Section 19 Single Continuous Variable: Density & Rug plot

19.1 Density plot

  • A Density Plot visualises the distribution of data over a continuous interval.
  • It is a variation of a Histogram that uses kernel smoothing to plot values, allowing for smoother distributions by smoothing out the noise.
  • Density plot along with Rug plot adds additional information for the sample observations.
  • Rug plot is generally used when the sample size is smaller.

19.2 package base

data(iris)

hist(x=iris$Sepal.Length, breaks=15, 
     xlim=c(4,8), freq=FALSE,
     main='Histogram of Sepal Length',
     xlab='Sepal Length (cm)',
     ylab='Density',
     axes=TRUE,
     col='orange',
     lty=1, border='purple')

lines(density(iris$Sepal.Length), col = 'red', lwd = 2, lty = 1)

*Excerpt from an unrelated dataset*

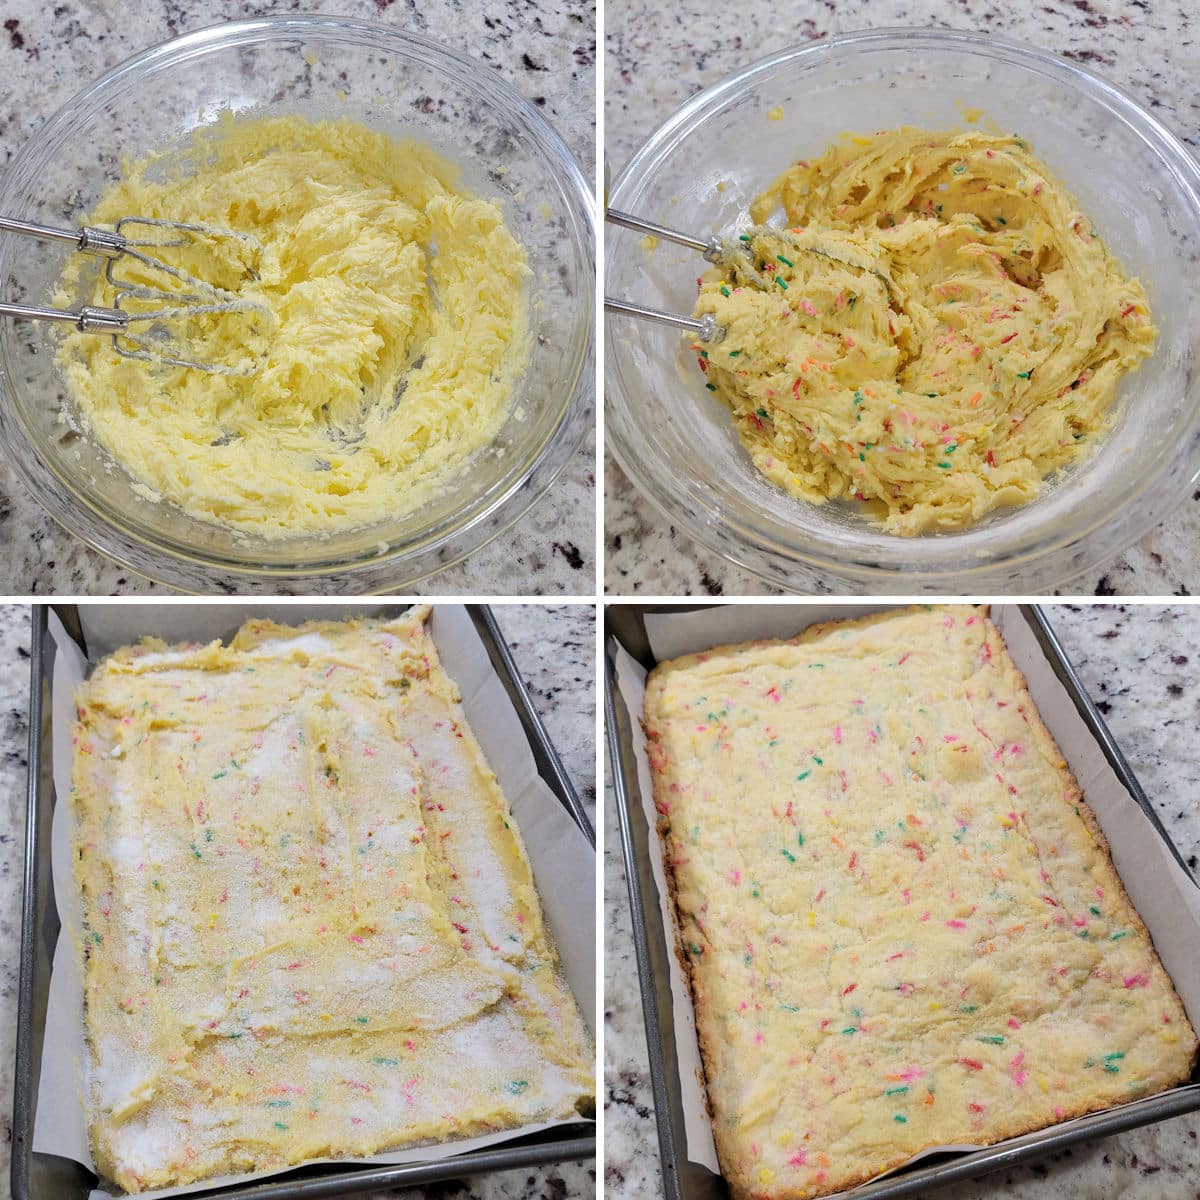 Making funfetti sugar cookie batter and baking in a 9x13 pan.

rug(jitter(x=iris$Sepal.Length, amount = 0.01), side = 1, col = 'red')

19.3 package ggplot2

g <- ggplot(data=iris, mapping=aes(Sepal.Length))
g <- g + geom_histogram(mapping=aes(y=..density..),
                        binwidth=0.10, fill='white', colour='blue')
g <- g + geom_density(alpha=0.2, fill='orange', colour='purple')
g <- g + labs(title='Histogram & Density plot of Sepal Length',
              subtitle='Based on Iris data',
              x='Sepal Length (cm)',
              y='Density')
g <- g + geom_rug()
g + theme_bw()